Let's break down the name and its significance:

* **1-(2,3-dihydro-1,4-benzodioxin-6-ylsulfonyl)-4-(4-methoxyphenyl)sulfonylpiperazine**:
* **Piperazine**: This is a cyclic diamine that forms the backbone of the molecule. It's often used in the synthesis of pharmaceutical compounds.
* **Sulfonyl**: This refers to a group containing a sulfur atom double-bonded to two oxygen atoms (-SO2-). These groups are commonly found in pharmaceuticals and are known for their ability to bind to biological targets.
* **2,3-dihydro-1,4-benzodioxin-6-ylsulfonyl**: This describes a specific substituent attached to the piperazine ring.
* **4-methoxyphenyl**: This indicates another substituent attached to the piperazine ring, a benzene ring with a methoxy group (CH3O-) at the 4th position.

**Why it might be important for research:**

* **Potential pharmacological activity:** Compounds with this type of structure are often investigated for their potential to interact with biological systems, especially those involving neurotransmission or enzymatic activity.
* **Potential drug development:** If the molecule shows desirable pharmacological properties, it might serve as a lead compound for the development of new drugs.
* **Chemical research:** It could be used as a building block for the synthesis of other, more complex molecules with potential applications in different fields.

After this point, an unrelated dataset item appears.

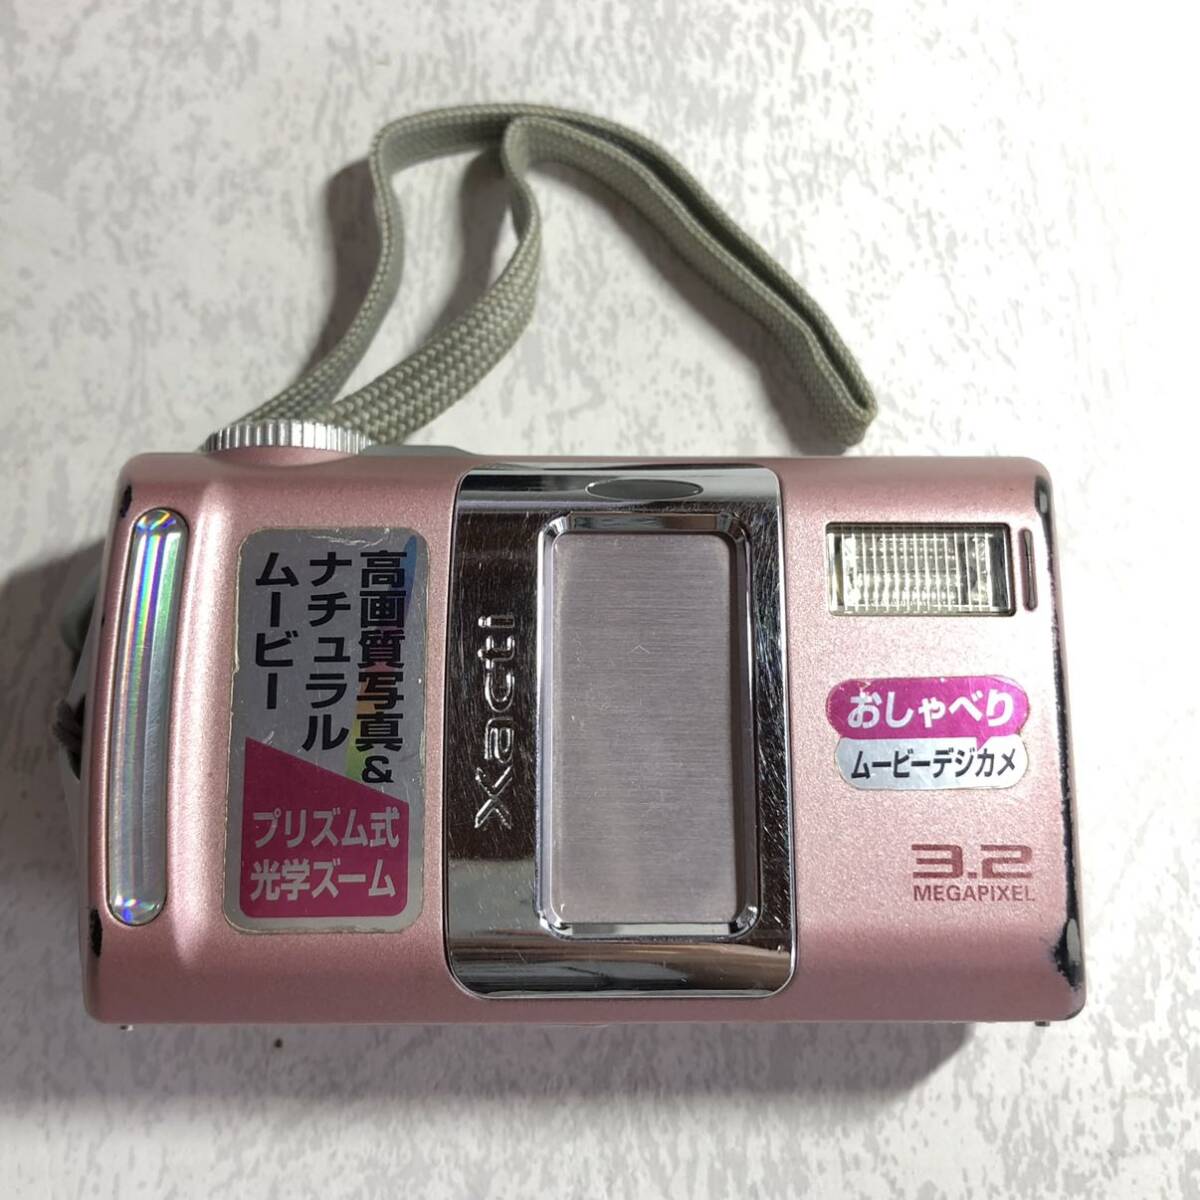 *SANYO Sanyo digital camera DSC-J1 type Xacti The kti Misty - pink instructions attaching box attaching V81

**However, it's crucial to understand:**

* **No specific information about this particular molecule is readily available.** There's no published research or patent information that specifically mentions this compound. It's possible it hasn't been synthesized yet or hasn't been studied in detail.
* **The name itself suggests a complex structure:** This complexity might make its synthesis challenging and research into its properties less accessible.

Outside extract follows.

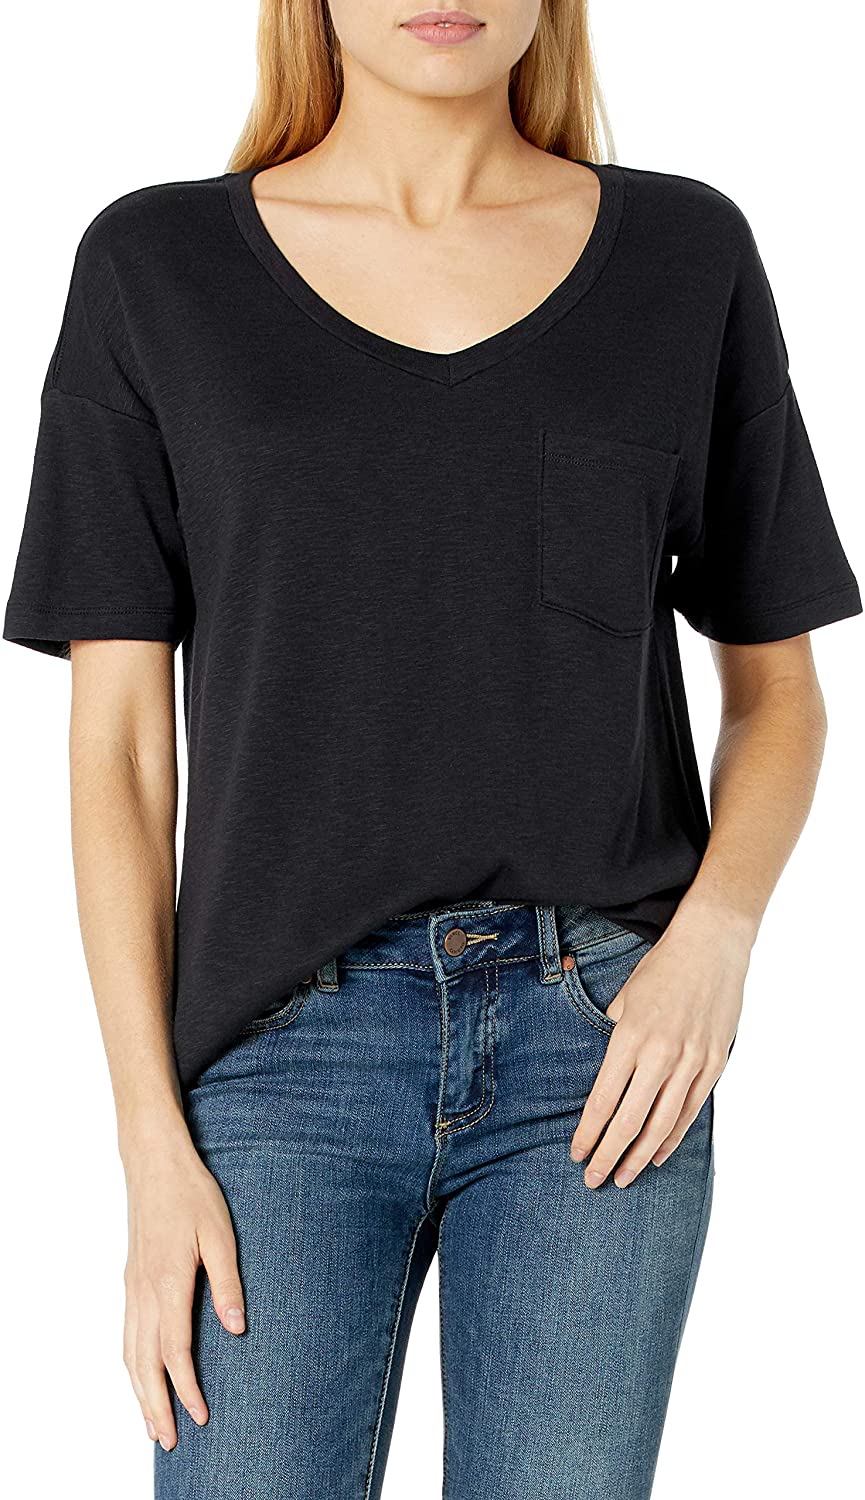 Price:$12.82    Amazon Brand - Daily Ritual Women's Cotton Modal Stretch Slub Oversized Short-Sleeve V-Neck Pocket T-Shirt  Clothing

**To find out more, you would need to:**

1. **Search specific chemical databases:** Look in databases like PubChem or Reaxys.
2. **Contact researchers in the field:** If you have a connection to researchers working with similar molecules or in drug development, they might have more information.
3. **Consult relevant scientific literature:** Search for publications related to piperazine derivatives, sulfonyl groups, and benzodioxin structures.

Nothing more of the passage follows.